Scholars of hadiths believe that "permission" is one the most important ways of "acquisition of hadith". Such permissions support the accuracy and correctness of the transmission of hadiths. Here is the mechanism: masters of hadith sciences give written or oral permissions for the transmission of hadiths from themselves to their students; they usually mention their own masters of hadiths as well as their own written work. Such permissions connect the chains of the transmission of hadiths to the infallible Imams (a). Masters of hadiths usually connect their chains to one of the great masters, such as Muhammad Taqi al-Majlisi, al-Shahid al-Awwal, al-'Allama al-Hilli, or al-Shaykh al-Tusi and do not mention the rest, because the rest of the chain is commonly known and is generally reliable.

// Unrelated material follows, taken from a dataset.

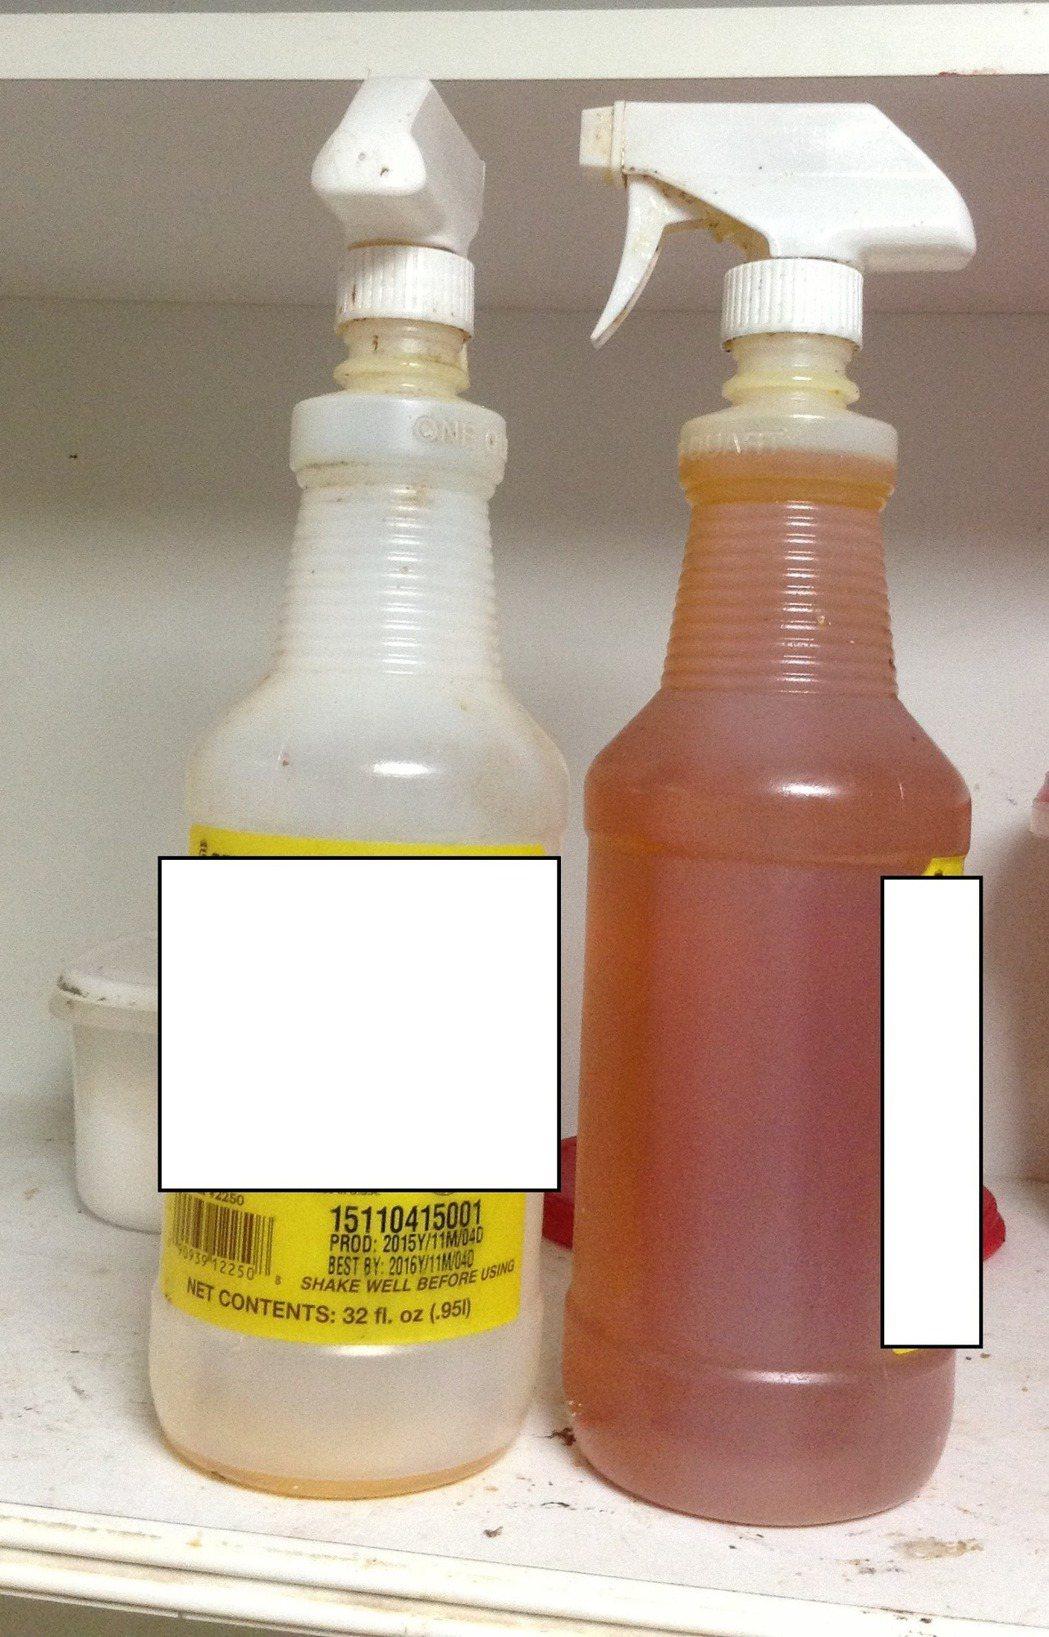 逾期的裹糖分離液。 圖/食藥署提供

The following advantages have also been mentioned with regard to the permission for the transmission of hadiths:

  • First, they prevent chaos with respect to the transmission of hadiths. So, because of the requirement of such permissions, nobody's hadiths were accepted without having the permission.
  • Second, the introduction of the master and his permission would assure the hearer about the reliability of the transmitter of hadiths.
  • Third, the master broadened or narrowed the scope of the permission on the basis of the student's qualifications. One student may have well been only permitted to transmit hadiths from a certain book, while another student was permitted to transmit hadiths from all books of hadiths. Thus, the qualifications of transmitters were monitored by masters.
  • Fourth, with the permission of the master, the student would count as a transmitter of hadiths from the Prophet (s), whereby the connected chain of transmission, which is a characteristic of Muslims, could continue.

Merely Formal Permissions

With the proliferation of the copies of hadith books, especially after mass prints and publications of collections of hadiths and after the disappearance of hadith courses, the main reason for the issuance of hadith permissions disappeared, and it turned into a mere formality.